Found this stupid thing in the neighbors yard.

Found this stupid thing in the neighbors yard.

So, you are probably wondering what the heck someone like me from the 1800’s is doing here.  Or more appropriately how I got here.  Well, my neighbor’s ancestor Doc Brown invented a time machine in 1985, and somehow he ended up here.  He was going on about a “space-time” continuum and how if he didn’t blah blah then 1985 would be wrecked.  So I was out one day, farming some dirt when I noticed the stupid horseless carriage was idling and I went to turn it off.  I accidently pushed the gas got the speed thingy to 88 and I started traveling to different times and places by accident.  The first place I ended up was England in 1589.  I ran into this hack poet that was trying to write this story about some girl that was from a gang and this other boy that was in another gang and they were “so in love” that they decided to die for each other.  Holy crap, how stupid is that! Even worse, he was talking about how someday Leo DiCaprio would play the lead.  Then he was mumbling something about Claire Danes.  I think he was freaking delusional.  I told him that and he decided not to write anymore.  Good decision.  Anyways, I remember his name be Billy Shakespear or something? Wow.  That guy will never amount to anything.

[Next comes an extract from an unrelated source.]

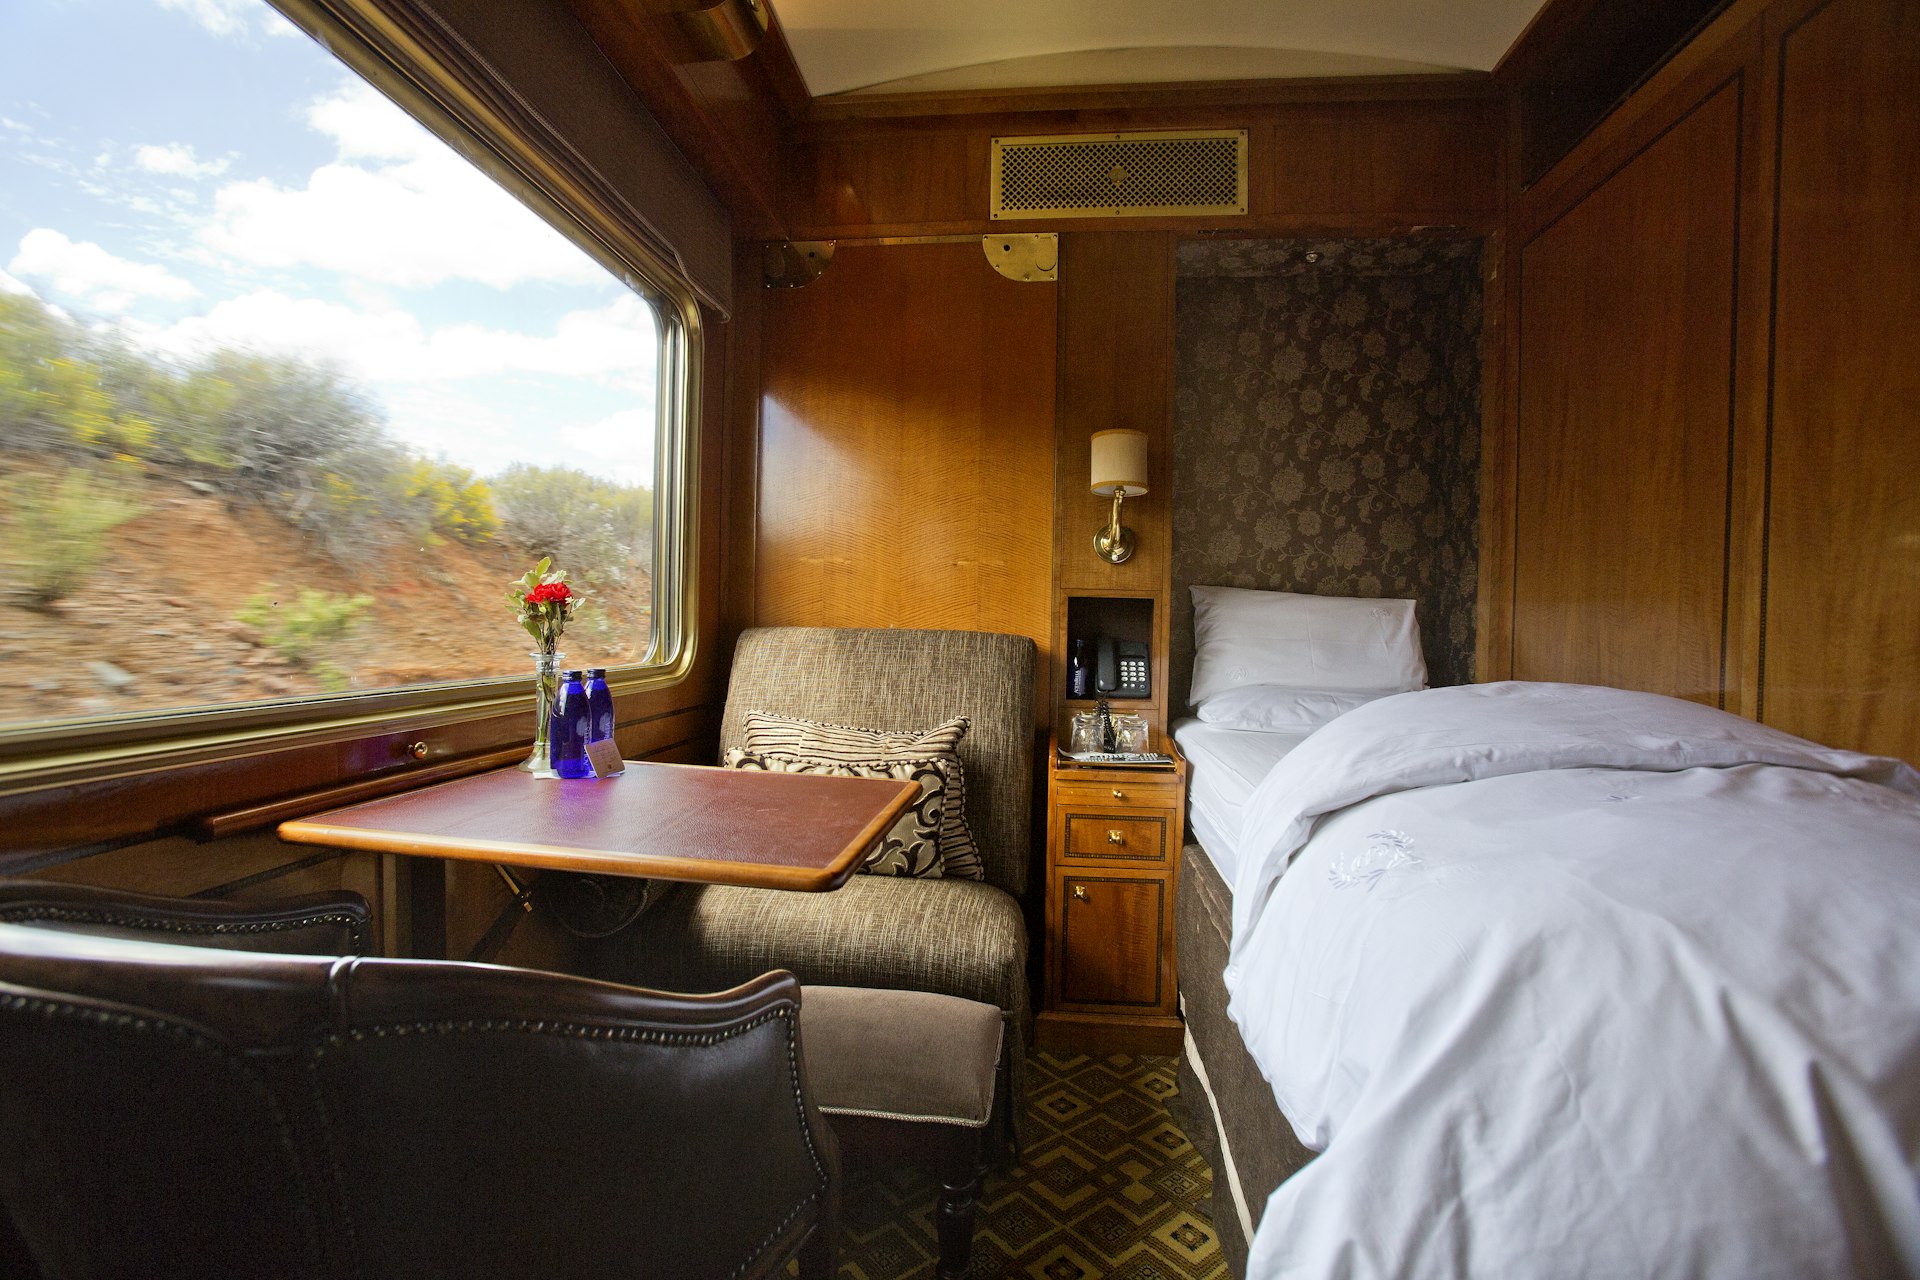 Interior of a sleeping cabin on The Blue Train in South Africa

What, no apps?  Or even 3G? How do you text with this thing? Or post to Instagram?

What, no apps? Or even 3G? How do you text with this thing? Or post to Instagram?

In my next trip, I ended up in Boston in 1876.  If figured since I was there, I would try to make Boston as bitter as possible. I put curses and hexes on all their sports teams for years, making them the angry and bitter.  I also ran around telling people that New York was way better than Boston, thus giving them an inferiority complex.   As I was wandered the street of Boston, trying to destroy other people’s lives, I ran into this guy with a big bushy beard.  He was working with some wires, and bells and whistles and was trying to “make” something.  It looked like he was having some sort of “breakthrough”, but really it was just a bunch of wires that were making his voice all screechy.  He kept mumbling something about a telephone.  I was kind of laughing at him like, “You’re kidding right? Have you even seen a phone? Does that thing even have 3G?  Where are the apps?  You don’t even have any music on that!  How many pixels on that camera? 1?” Needless to say, he just gave up on inventing the “telephone”.  Doesn’t he know that Steve Jobs invented it?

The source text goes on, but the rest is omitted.